JP2783752B2 - Melting furnace for aluminum waste - Google Patents

Description

DETAILED DESCRIPTION OF THE INVENTION

[0001]

BACKGROUND OF THE INVENTION 1. Field of the Invention The present invention relates to a furnace for melting a long aluminum alloy waste material such as a bar used in a window sash.

[0002]

2. Description of the Related Art Conventionally, this type of melting furnace is disclosed in
No. 156378 discloses that the inside of the furnace is divided into a molten metal storage section and a molten material charging section, and the molten metal in the molten metal storage section flows into the molten material charging section. The molten metal in the portion is swirled by a moving magnetic field generator (electromagnetic stirrer) provided on the bottom wall.
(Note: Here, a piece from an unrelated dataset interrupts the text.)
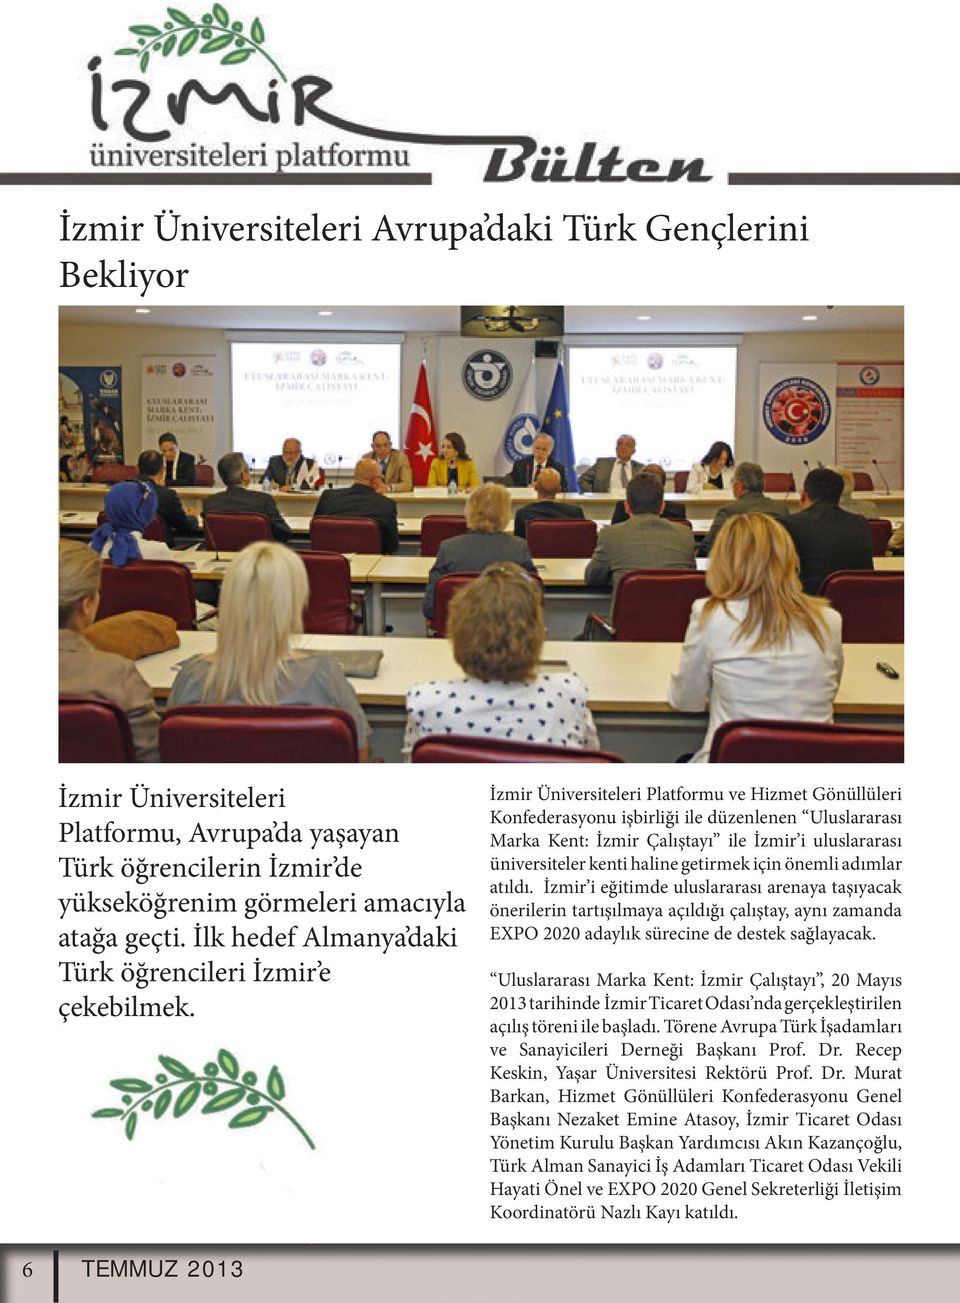 İzmir Üniversiteleri Platformu ve Hizmet Gönüllüleri Konfederasyonu işbirliği ile düzenlenen Uluslararası Marka Kent: İzmir Çalıştayı ile İzmir i uluslararası üniversiteler kenti haline getirmek için

The above moving magnetic field generator is provided on the bottom wall of the molten material charging section. The moving magnetic field generating apparatus is provided on the side wall so as to cover the outer wall thereof, and is further provided on the inner peripheral surface of the molten material charging section. By providing the projections, the spirally-wound molten metal travels up the inner peripheral surface and climbs up, and the rising hot water is blocked by the projections and falls so as to rain, and the aluminum falling from the input port is crushed. There has been proposed a method in which a molten material is showered on waste material to speed up the melting and prevent oxidation due to high temperature.

[0004]

By the way, there is a demand for a method of using a furnace having the above structure, in which a long material such as a sash bar for a window is directly charged and melted, not limited to a crushed material. However, if melting is performed in a furnace of this type, the processing speed can be increased rapidly. However, when the furnace is put in a long state, there is a problem that the inner surface of the furnace is shaved at the lower end of the long material and wear is accelerated.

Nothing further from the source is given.